→ **COLLECTED DATA**
########################################

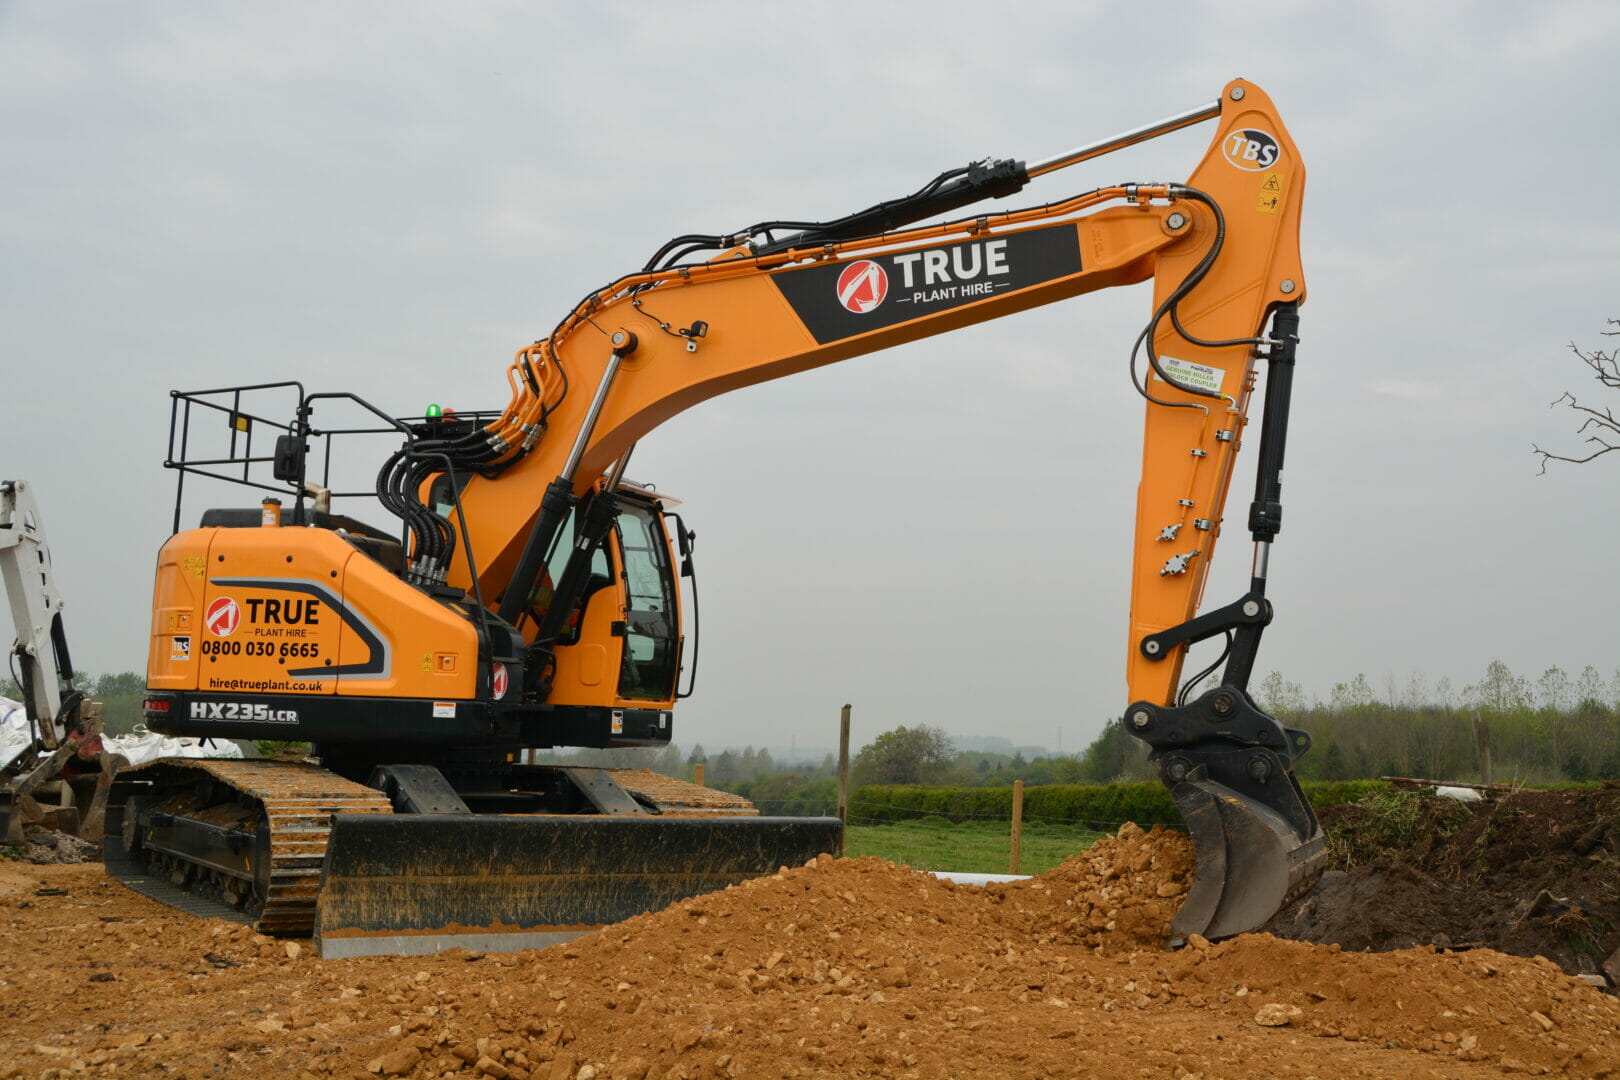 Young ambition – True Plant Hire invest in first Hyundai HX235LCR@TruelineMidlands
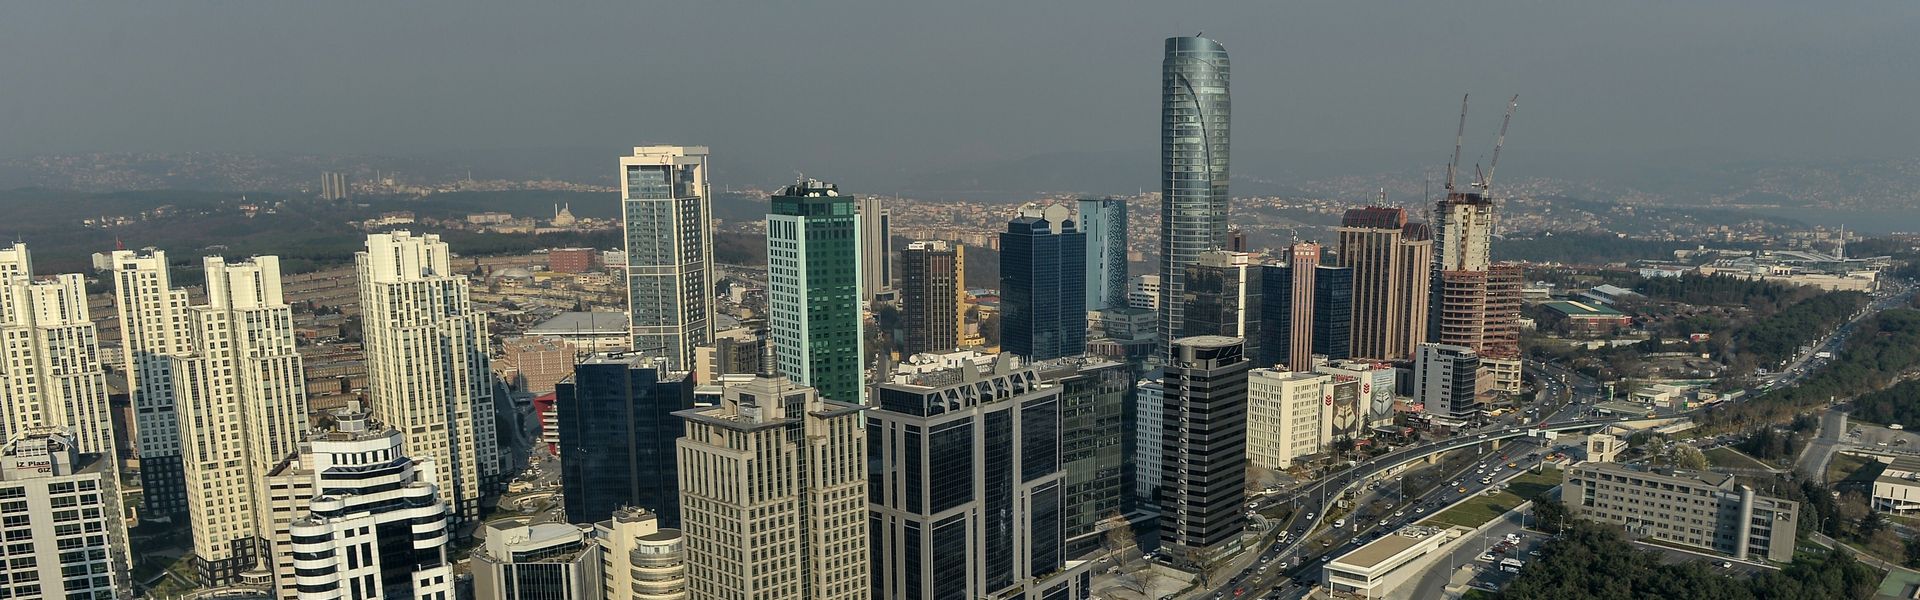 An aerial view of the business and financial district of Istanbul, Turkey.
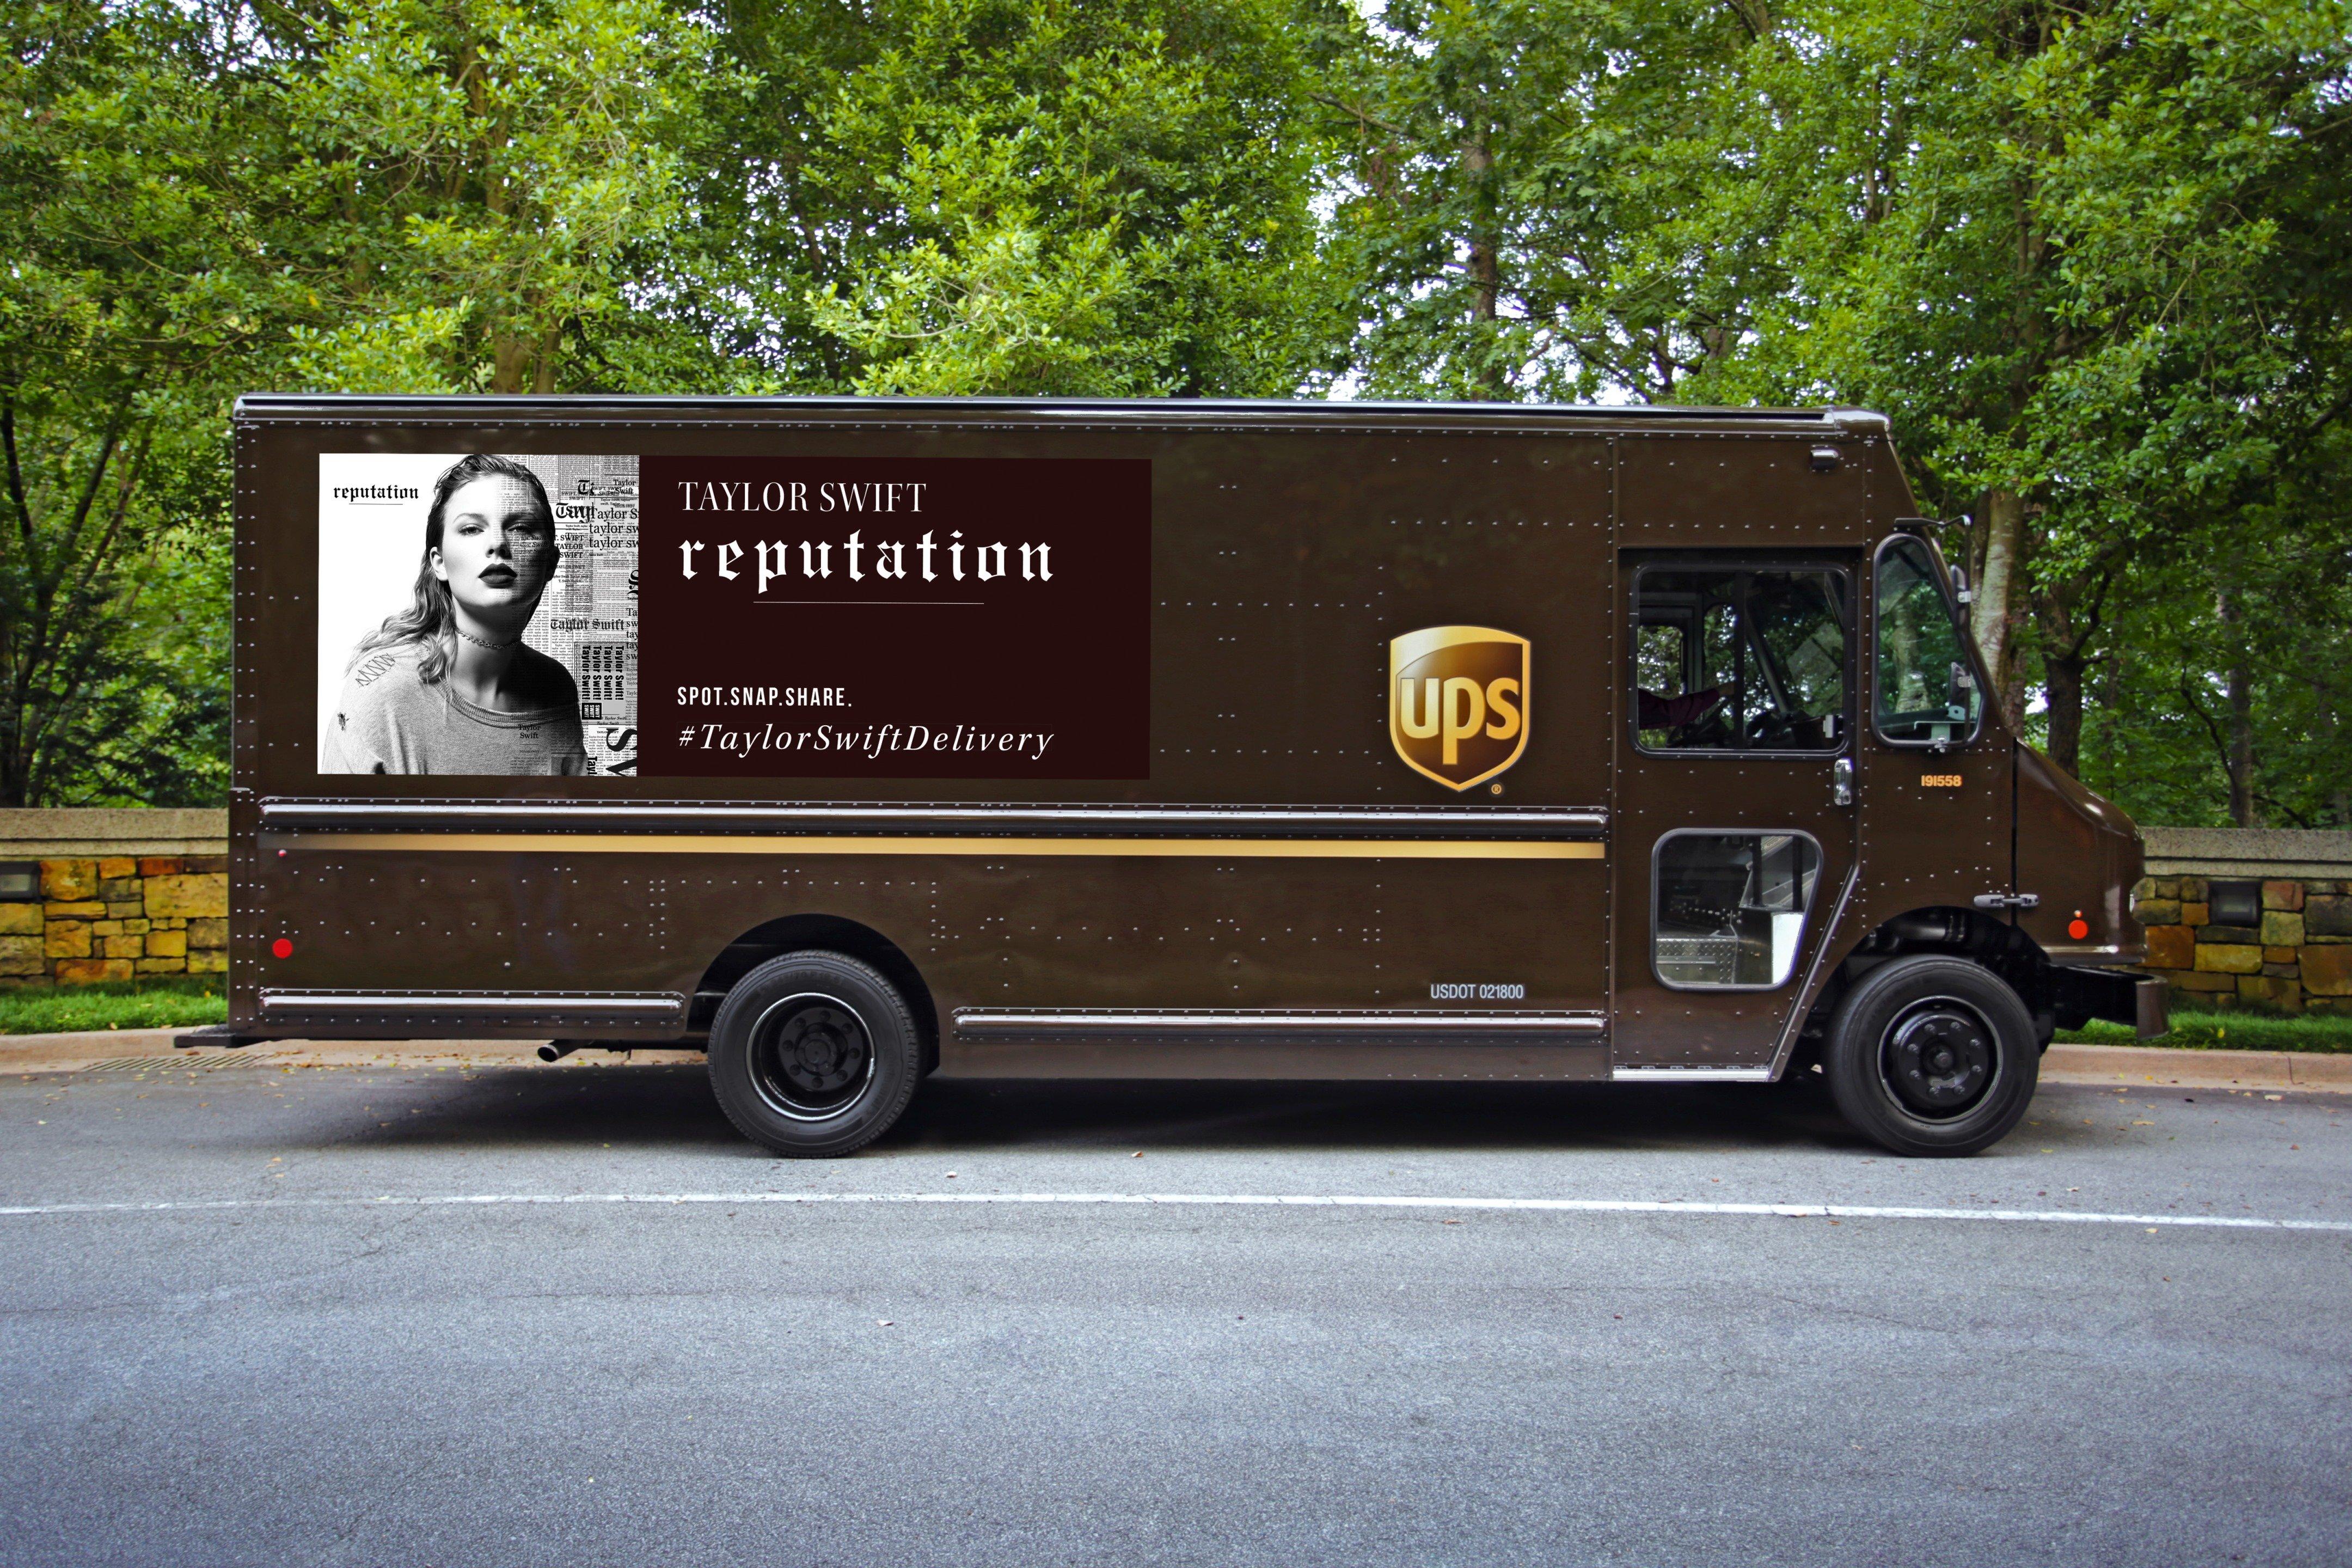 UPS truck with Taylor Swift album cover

########################################

With the pictures left out, transcribe the material exactly.

 Young ambition – True Plant Hire invest in first Hyundai HX235LCR@TruelineMidlands
 An aerial view of the business and financial district of Istanbul, Turkey.
 UPS truck with Taylor Swift album cover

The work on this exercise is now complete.